> [Assigned task]
Write out exactly the lines running from the one with "Dolls doll collectors" to the end of the data, including both of those lines and excluding pictures.

[Stored items from a collection]

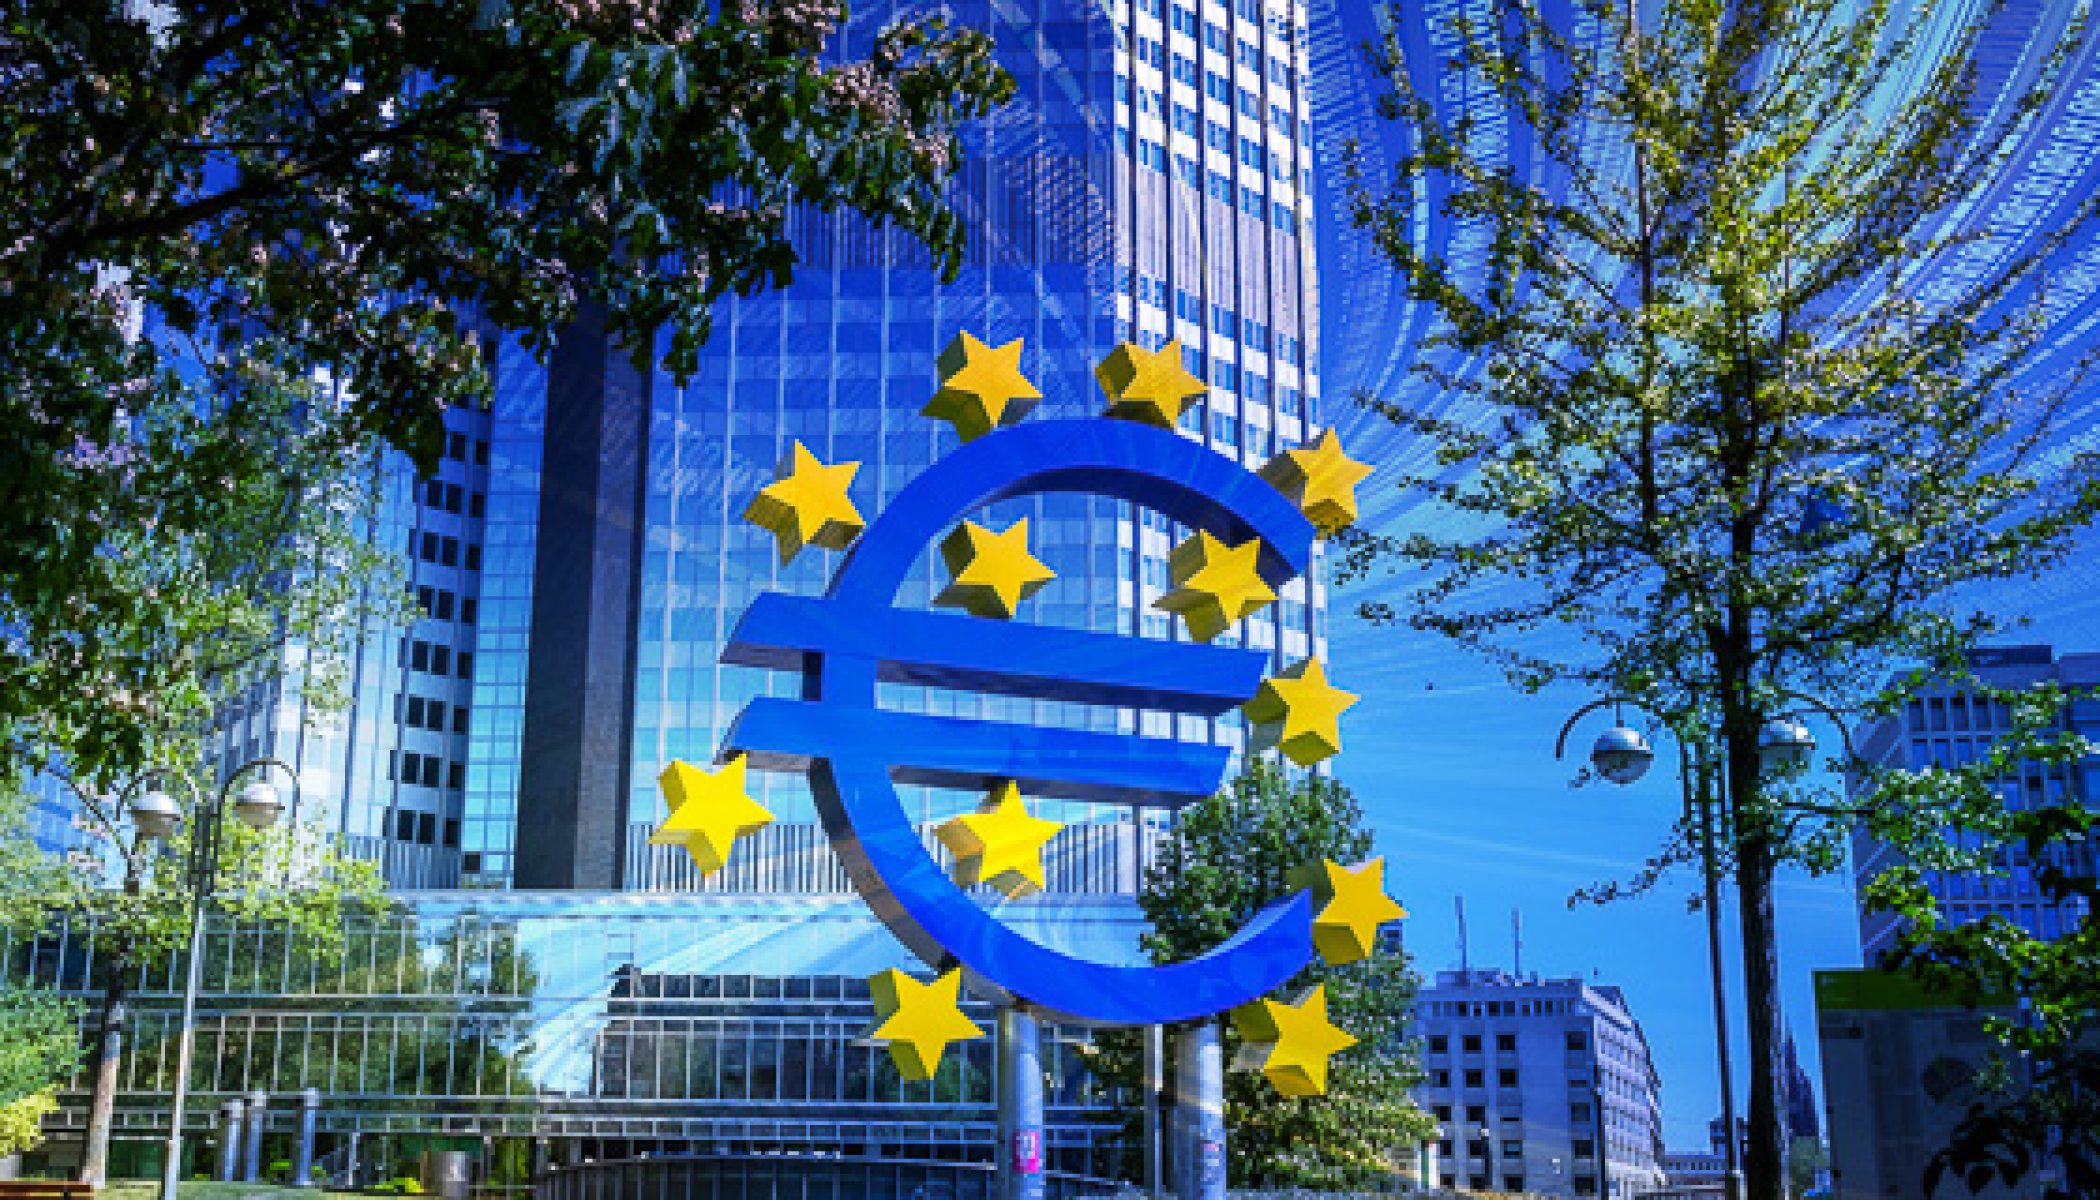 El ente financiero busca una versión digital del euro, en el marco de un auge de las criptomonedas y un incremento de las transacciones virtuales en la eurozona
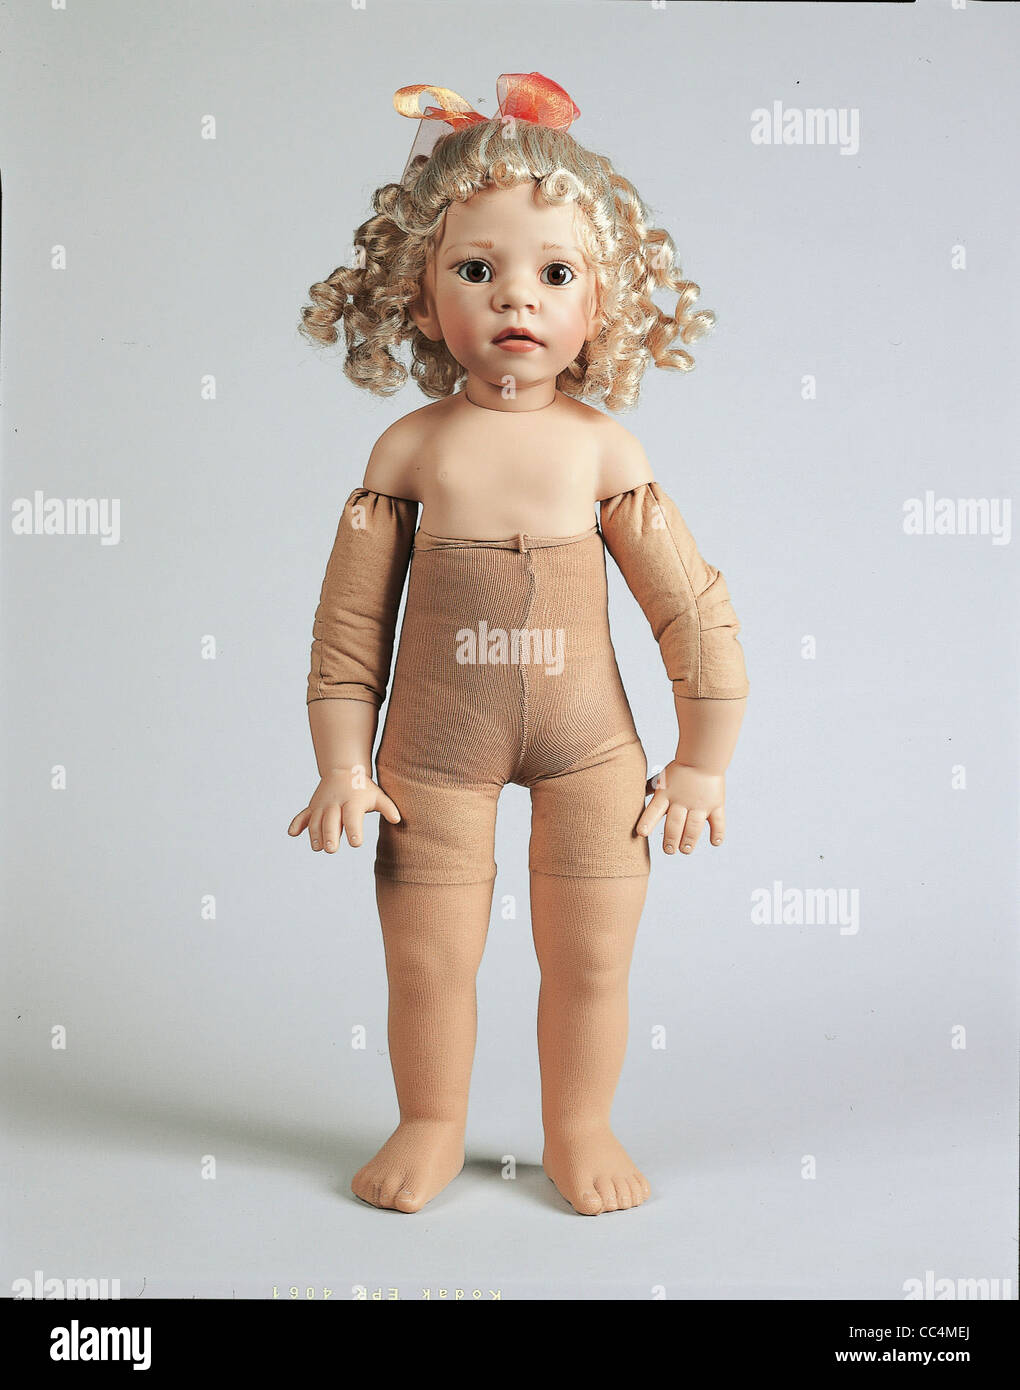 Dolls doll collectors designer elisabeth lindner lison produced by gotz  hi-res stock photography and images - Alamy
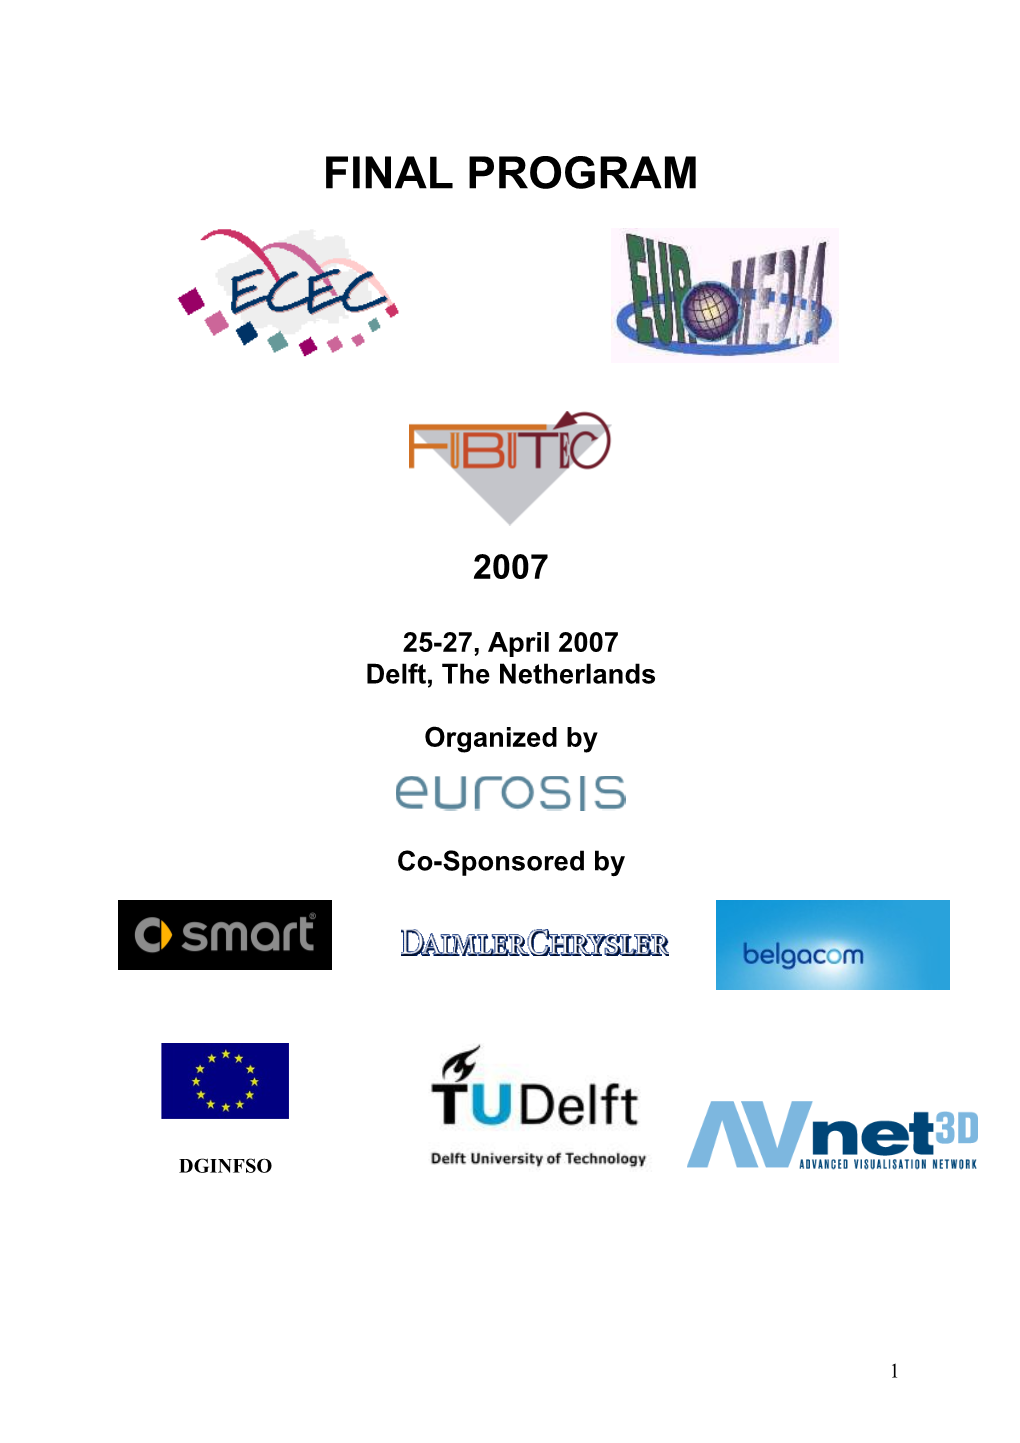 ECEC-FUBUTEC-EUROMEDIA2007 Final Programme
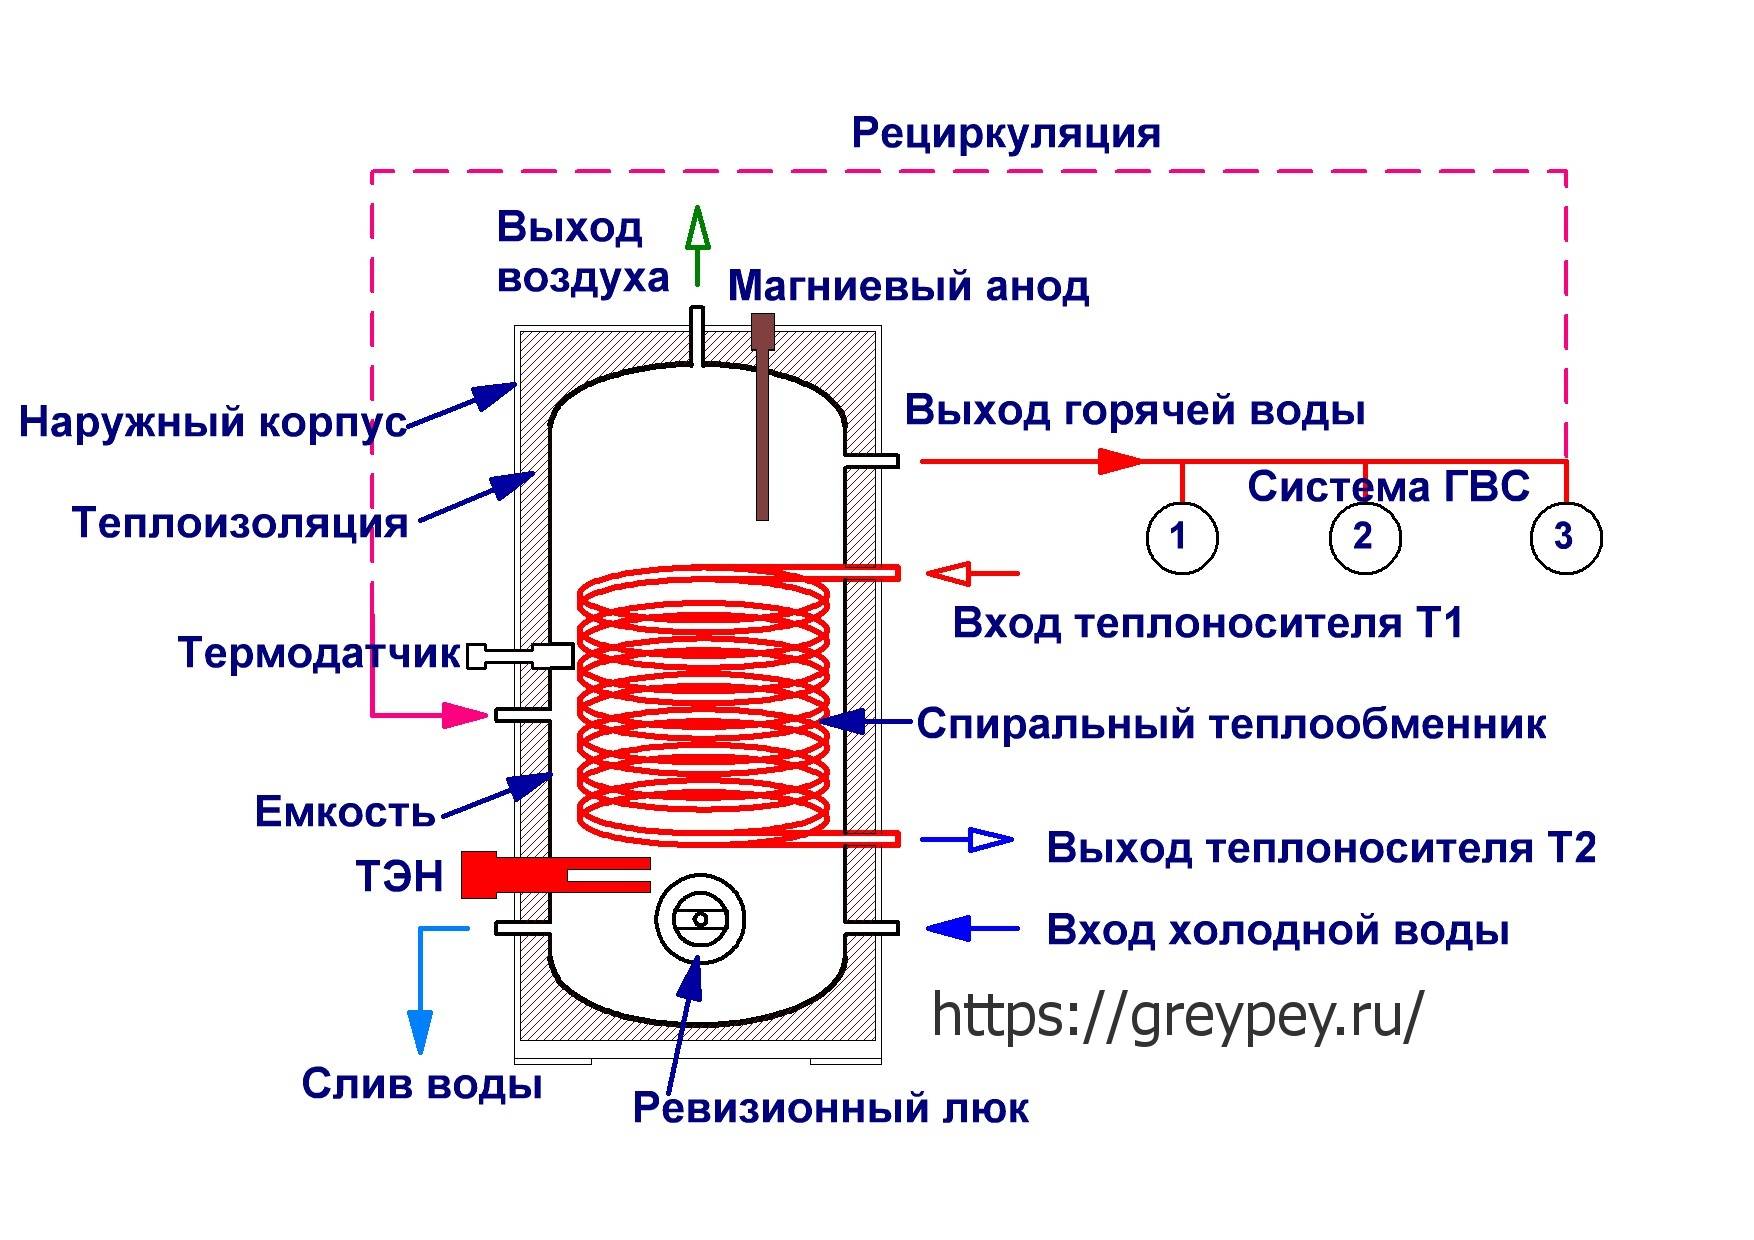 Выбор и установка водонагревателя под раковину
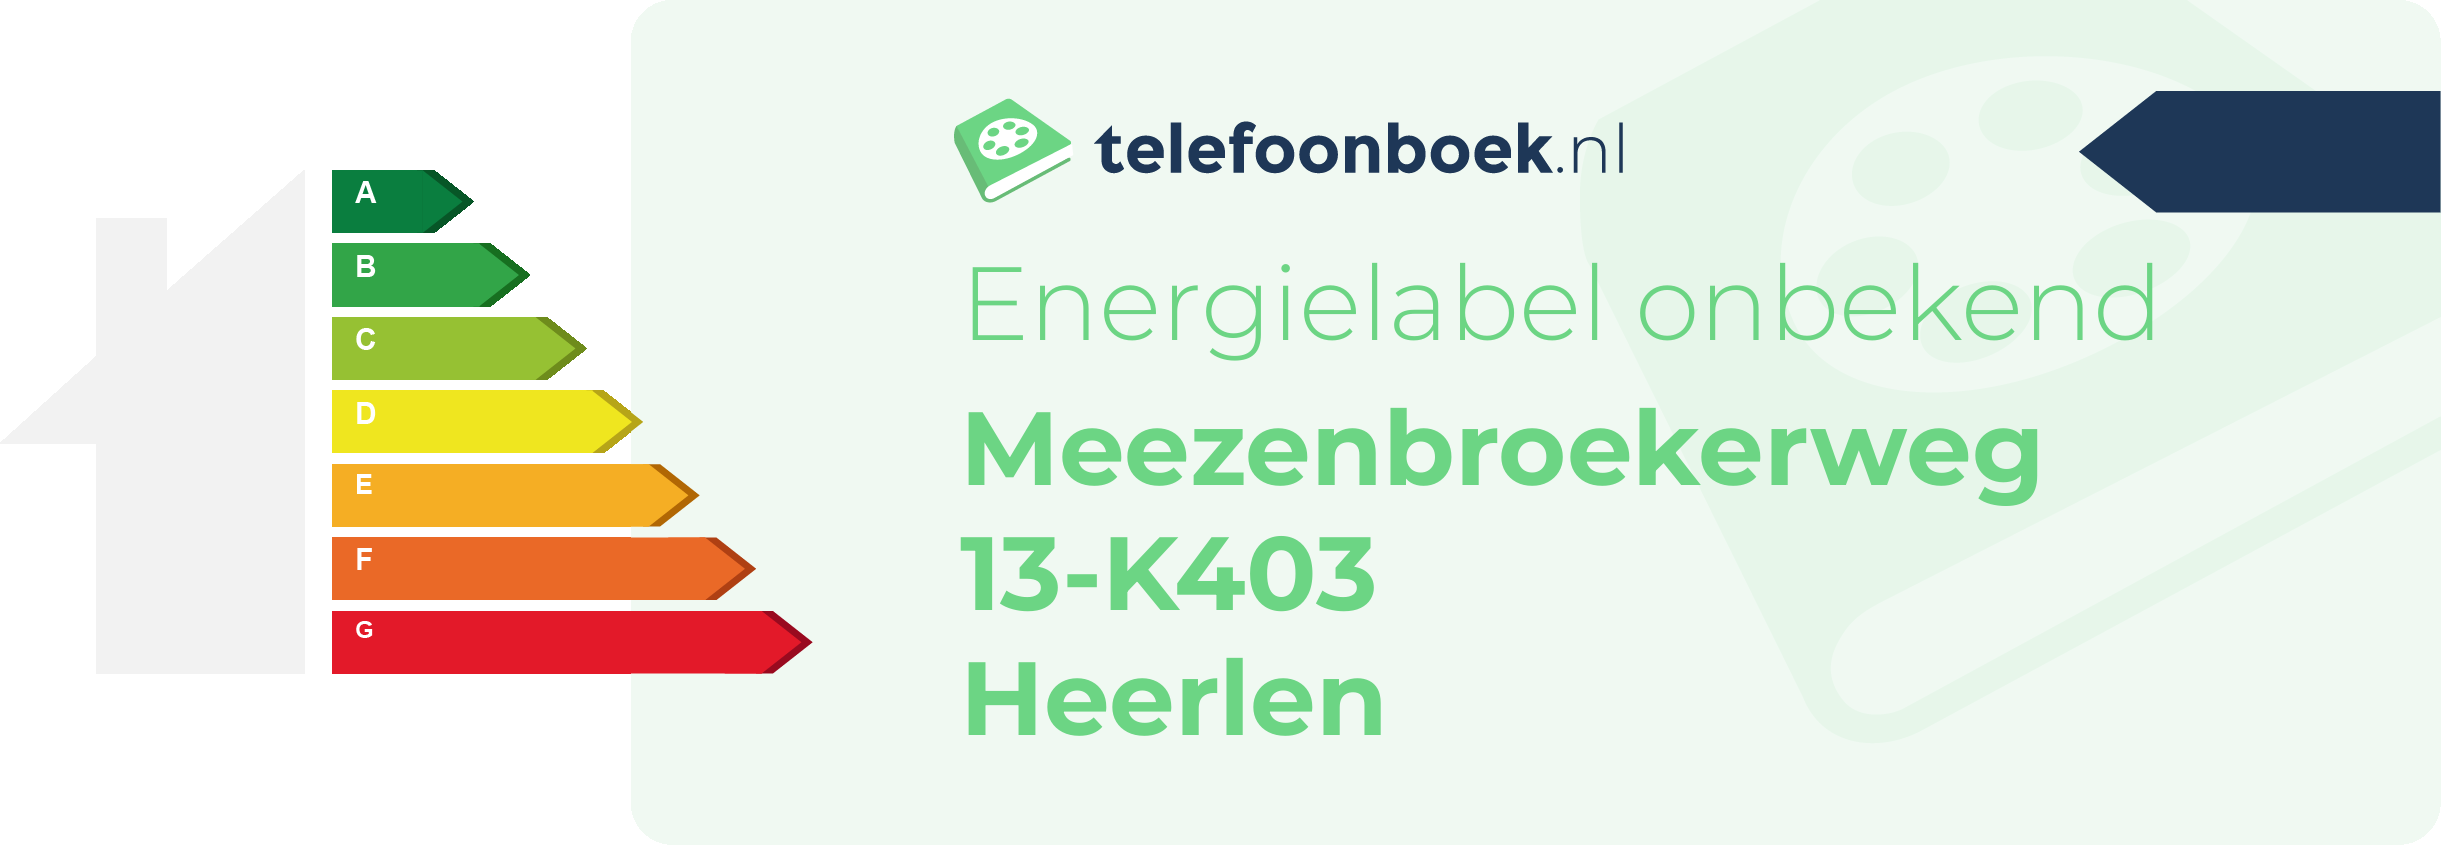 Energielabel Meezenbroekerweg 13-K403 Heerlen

> [Result for this task]
 Dolls doll collectors designer elisabeth lindner lison produced by gotz  hi-res stock photography and images - Alamy
 ECEC-FUBUTEC-EUROMEDIA2007 Final Programme
 Выбор и установка водонагревателя под раковину
 Energielabel Meezenbroekerweg 13-K403 Heerlen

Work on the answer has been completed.